Restaurant sues customer for bad TripAdvisor review

For chefs and restaurateurs, a bad review – whether based in fact or not – can lead to lost business.
For chefs and restaurateurs, a bad review – whether based in fact or not – can lead to lost business. Photo: Bryan Charlton

We've all been there: you have a bad meal in a dodgy joint and, frustrated over having spent your money on a plate of food you wouldn't serve to your canine, you head online to post a rage-filled review of the place. End of story, right?

Not for Brit Sarah Gardner, who, after posting a negative review of High Rocks restaurant in Kent to customer evaluation site TripAdvisor, is being sued by the restaurant. 

The review, which has since been removed, gave the restaurant a one-star rating and alleged that "[the staff] have an arrogance that should not exist in a service industry, particularly the management." The food, said Gardner, was "mediocre at best." Gardner says she thought nothing more of the review until a few days later, when an 11-page letter arrived for her from High Rocks's lawyers, who claimed their client was suing her for "tens of thousands of pounds" in lost business due to her "defamatory review". 

The restaurant's owner, Giuseppe Cappellazzi, says that Gardner didn't visit the restaurant on the day she posted the review, and Gardner doesn't dispute that fact. She says she has the receipts, photographs and bank statements to support her case. And according to TripAdvisor guidelines, posts should be recent – as in, within one year, which Gardner's review was.

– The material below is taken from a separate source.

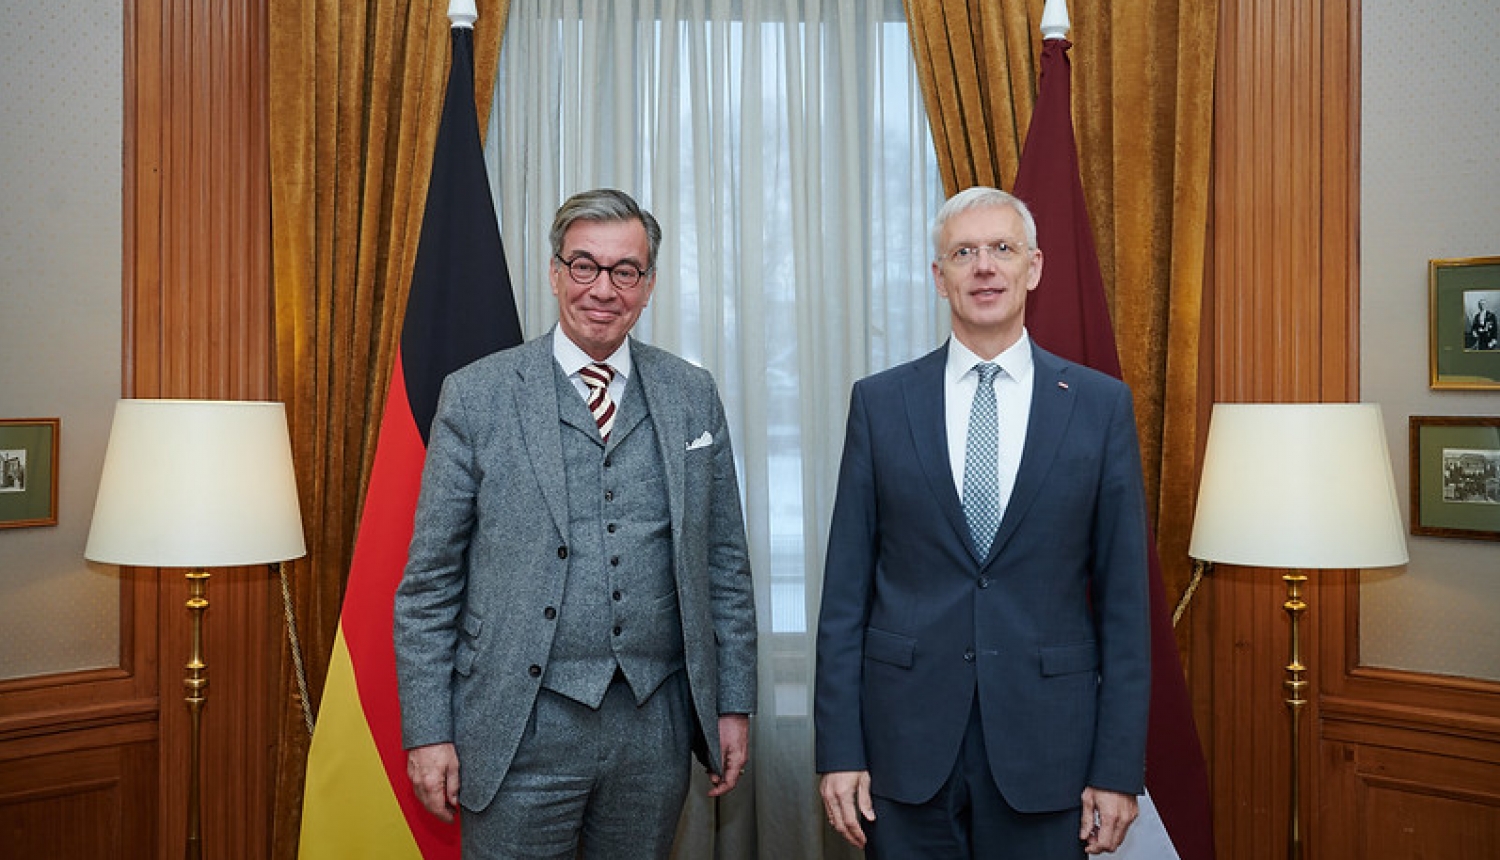 Ārlietu ministrs Krišjānis Kariņš tiekas ar Vācijas vēstnieku Latvijā Kristiānu Heltu (Christian Heldt)
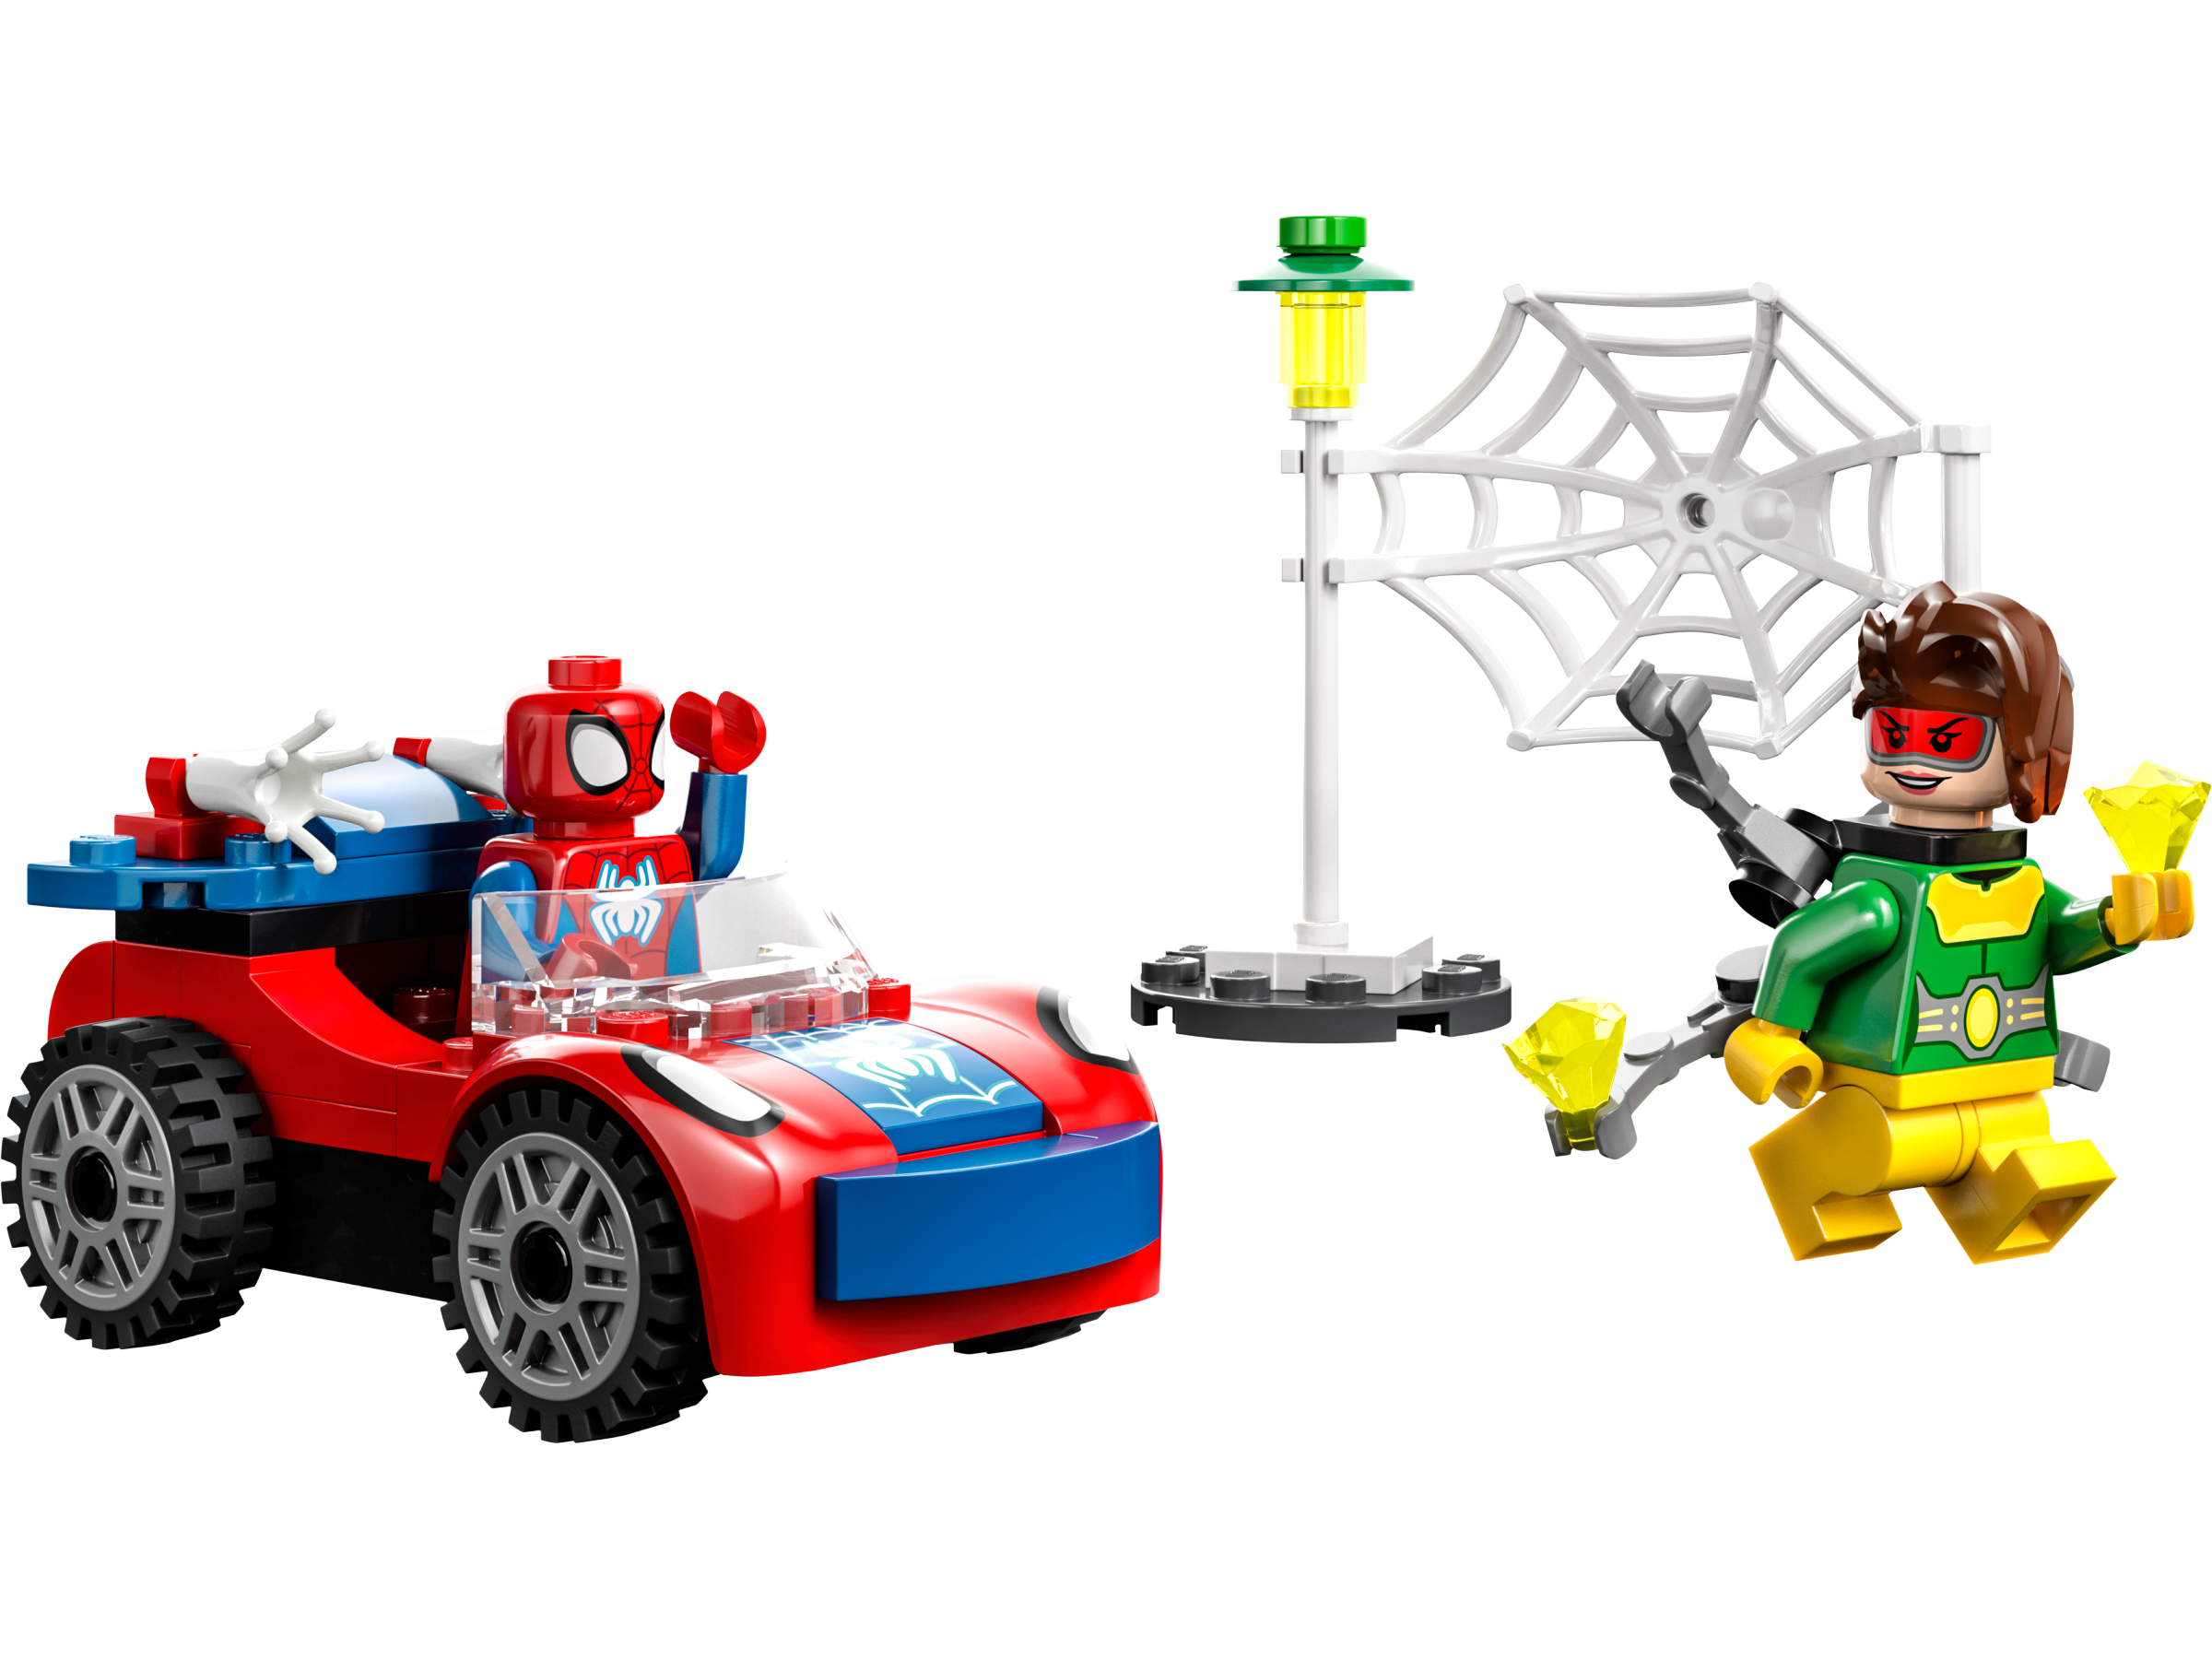 La voiture de Spider-Man et Docteur Octopus 10789, Spider-Man

This isn't the first time TripAdvisor – or indeed, High Rocks – has been embroiled in a scandal over a negative review. Earlier this year Cappellazzi responded to another customer's bad review by examining the CCTV footage of her meal, saying, "[you] appear happy and smiling when you go to the bar to pay". And there have been many instances of restaurateurs seeking similar payback when reviews haven't gone their way. In 2014, the owner of the Broadway Hotel in Blackpool, England, "fined" a customer for a negative review by adding a £100 ($173) surcharge to their bill. (It was later refunded.) And on the other end of the spectrum, a restaurant owner in Brisbane hit back at a customer who allegedly found a hair in her pasta, uploading the CCTV footage to social media to show that in fact, she'd put her own hair on the plate. 

For chefs and restaurateurs, a bad review – based in fact or not – truly can lead to lost business. And while most chefs agree that customers have the right to report on negative experiences, it's tricky for readers to know whether a particular restaurant or meal was definitively bad, or whether it simply wasn't to that customer's taste. As Monty Koludrovic, executive chef at Sydney's Icebergs and The Dolphin, says, "Nobody likes a bad review, but especially one from someone who is a complete unknown". Reviews from critics are different, he says – they are trained to give an unbiased, objective view. Keyboard warriors (my term, not his) are not. "But," he admits, "it's the game we're in. We rely on the internet for so many aspects of life, and this is just another one. It's not always bad or vindictive, and sometimes customers genuinely have had a bad experience and just want to let you know. That, I'm OK with."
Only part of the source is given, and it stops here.